- **ABOUT THIS EXERCISE**
Restate the data that follows exactly as it stands, beginning with the first line and ending with the line that contains "Tree creeper bird".

** Opening DATA RECORDS block **

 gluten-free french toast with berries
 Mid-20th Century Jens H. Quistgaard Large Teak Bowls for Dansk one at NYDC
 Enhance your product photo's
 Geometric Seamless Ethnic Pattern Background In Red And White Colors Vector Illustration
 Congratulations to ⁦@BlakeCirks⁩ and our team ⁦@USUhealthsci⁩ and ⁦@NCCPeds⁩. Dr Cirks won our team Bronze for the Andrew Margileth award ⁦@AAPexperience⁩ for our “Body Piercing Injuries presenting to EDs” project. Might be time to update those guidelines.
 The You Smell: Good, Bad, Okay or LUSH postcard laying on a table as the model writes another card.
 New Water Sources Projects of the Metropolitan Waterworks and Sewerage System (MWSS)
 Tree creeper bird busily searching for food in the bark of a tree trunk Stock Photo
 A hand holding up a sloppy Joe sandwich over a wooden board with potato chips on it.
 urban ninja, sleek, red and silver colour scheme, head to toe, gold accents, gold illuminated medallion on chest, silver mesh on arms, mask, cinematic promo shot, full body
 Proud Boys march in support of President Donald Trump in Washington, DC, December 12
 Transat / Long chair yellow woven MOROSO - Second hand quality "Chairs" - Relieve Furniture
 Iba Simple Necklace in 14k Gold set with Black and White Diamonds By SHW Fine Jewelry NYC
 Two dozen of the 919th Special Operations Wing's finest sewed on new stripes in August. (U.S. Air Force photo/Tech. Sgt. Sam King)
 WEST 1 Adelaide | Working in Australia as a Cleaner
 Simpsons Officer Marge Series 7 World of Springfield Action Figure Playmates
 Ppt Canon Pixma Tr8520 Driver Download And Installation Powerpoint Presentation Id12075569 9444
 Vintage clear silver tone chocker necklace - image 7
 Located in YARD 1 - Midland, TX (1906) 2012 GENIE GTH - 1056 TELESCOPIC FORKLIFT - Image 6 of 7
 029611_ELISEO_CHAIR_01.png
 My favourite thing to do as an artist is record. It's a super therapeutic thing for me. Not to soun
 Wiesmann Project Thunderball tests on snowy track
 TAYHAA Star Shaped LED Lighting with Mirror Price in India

** Closing DATA RECORDS block **

- **YOUR SOLUTION**
 gluten-free french toast with berries
 Mid-20th Century Jens H. Quistgaard Large Teak Bowls for Dansk one at NYDC
 Enhance your product photo's
 Geometric Seamless Ethnic Pattern Background In Red And White Colors Vector Illustration
 Congratulations to ⁦@BlakeCirks⁩ and our team ⁦@USUhealthsci⁩ and ⁦@NCCPeds⁩. Dr Cirks won our team Bronze for the Andrew Margileth award ⁦@AAPexperience⁩ for our “Body Piercing Injuries presenting to EDs” project. Might be time to update those guidelines.
 The You Smell: Good, Bad, Okay or LUSH postcard laying on a table as the model writes another card.
 New Water Sources Projects of the Metropolitan Waterworks and Sewerage System (MWSS)
 Tree creeper bird busily searching for food in the bark of a tree trunk Stock Photo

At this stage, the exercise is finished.